These “superspreading” events have become a trademark of the new coronavirus — at first impression quite a scary one. But most people who get the disease don’t pass it on to dozens of others, and many don’t pass it on to anyone at all. One new global study estimates that about 10% of those infected with Covid-19 cause 80% of the secondary transmissions; another study focused on Israel puts that share between 1% and 10%. This imbalance explains a lot about why Covid-19 has spread so unevenly and unpredictably around the world. It also, perhaps counterintuitively, appears to make the disease easier to control than it would be if superspreaders weren’t so important.

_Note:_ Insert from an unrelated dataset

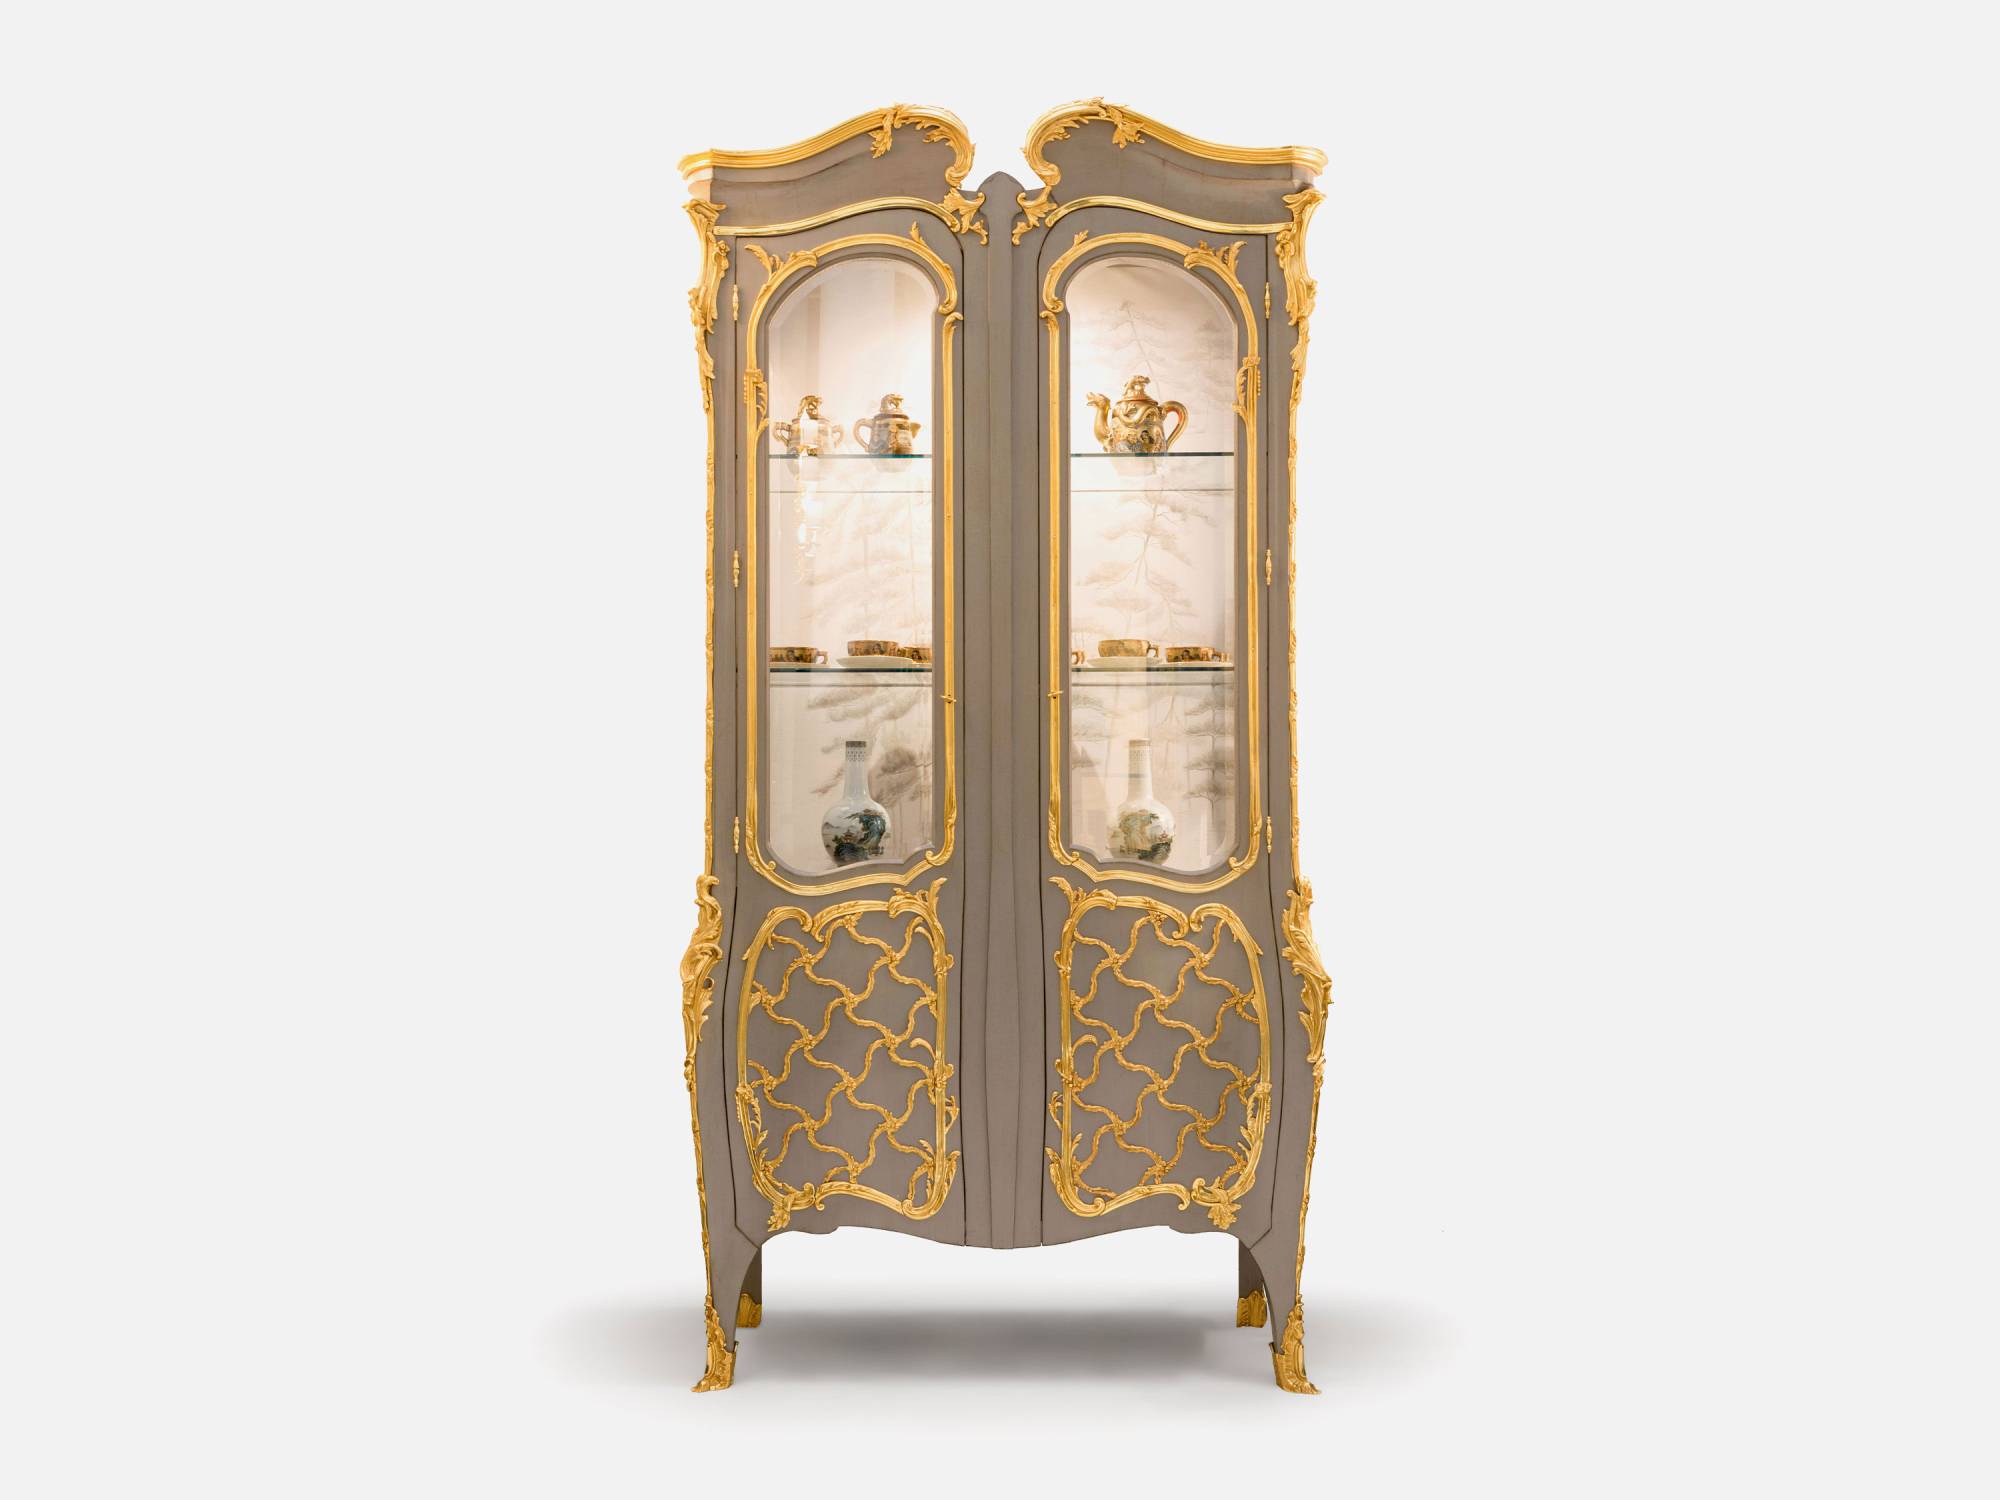 ART. 709-19 – Discover the elegance of luxury classic Showcases and Bookcases made in Italy by C.G. Capelletti. Luxury classic furniture that combines style and craftsmanship.

The crucial variable in standard epidemiological models is the basic reproduction number, or R0, which is the average number of people someone with the disease is likely to infect. Actual susceptible-infected-recovered models are a bit more complicated than this, but here’s what you get if you start at one infected person and multiply by 2.25 (most estimates of Covid-19’s R0 are between two and three) over the next 10 periods — which I have arbitrarily deemed to be weeks, not too far off from the time period over which new Covid-19 infections develop — with results rounded to the nearest integer.

For sexually transmitted diseases and those carried by the water supply or by “vectors” such as mosquitoes, it has long been understood that such models aren’t the most useful representation of how infections spread or can be controlled. Get that one really promiscuous person to stop being so promiscuous, or shut down the pump on that one contaminated well, and you can have a really big impact on the spread of AIDS or of cholera. For directly transmitted respiratory diseases such as influenza, though, this was seen as less of an issue or an option.

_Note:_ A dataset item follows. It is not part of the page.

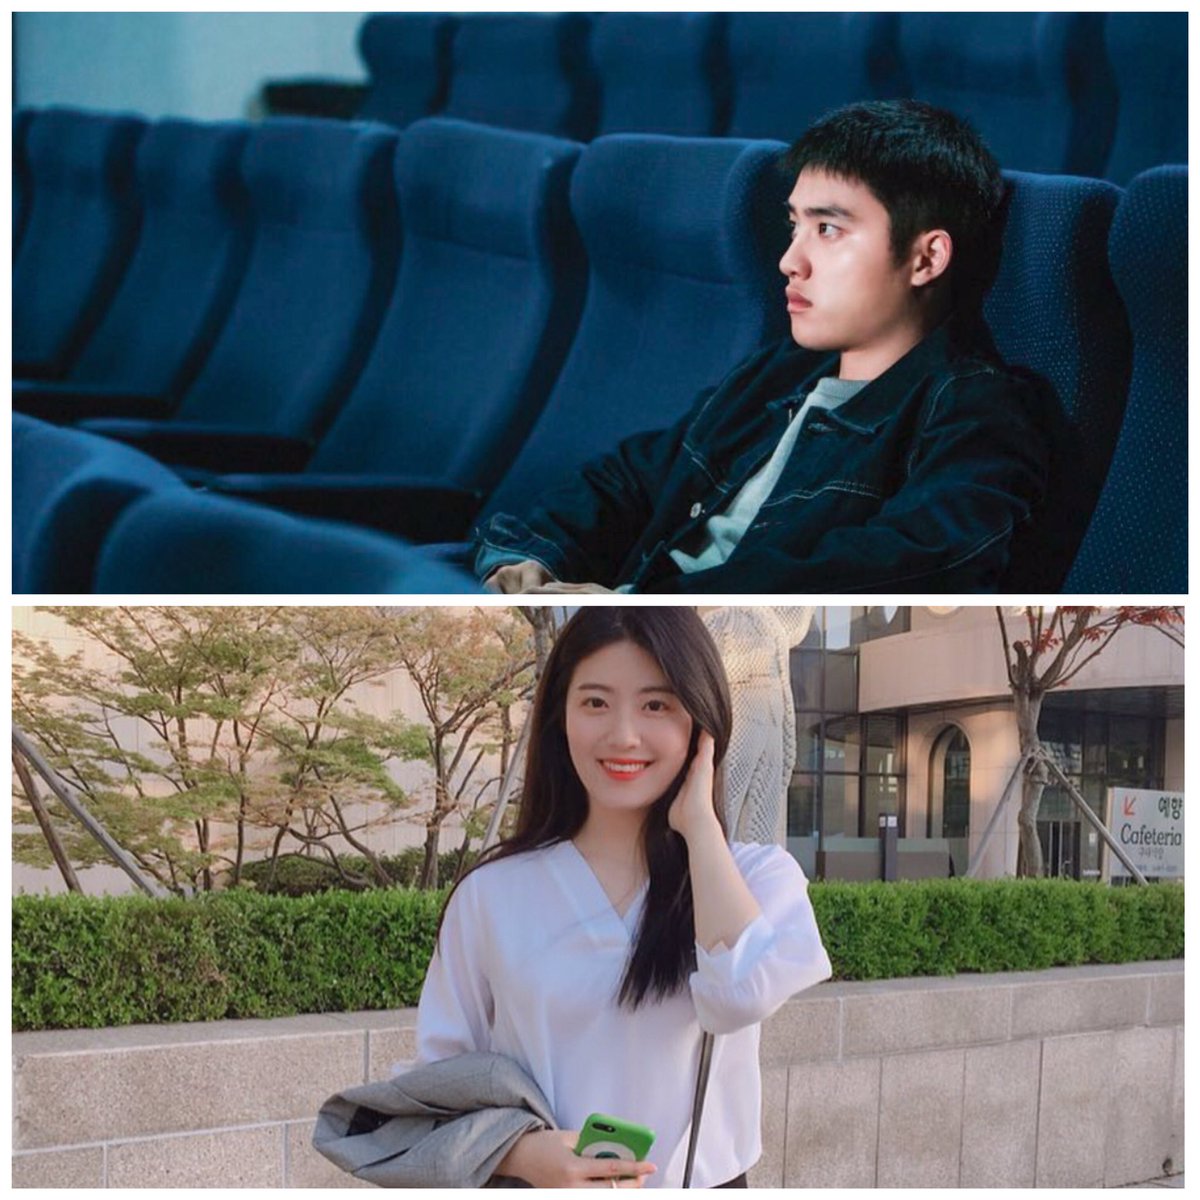 “See you later. I still want to pick you up, tho. This is a date night, not a business meeting.”“No need. Let’s save time & energy, ok, oppa? I promise I won’t be late.”“No rush. I’m camping out here & wait.”“You really like movies this much.”“No. I just really like you.”

In a 2005 paper in the journal Nature that has been getting a lot of deserved attention lately, two epidemiologists and two mathematicians pointed out that while maybe it wasn’t an issue for the flu, there are other diseases that spread through casual personal contact where transmission does seem dominated by a minority of big events. “Using contact tracing data from eight directly transmitted diseases, we show that the distribution of individual infectiousness around R0 is often highly skewed,” they wrote. “Model predictions accounting for this variation differ sharply from average-based approaches, with disease extinction more likely and outbreaks rarer but more explosive.”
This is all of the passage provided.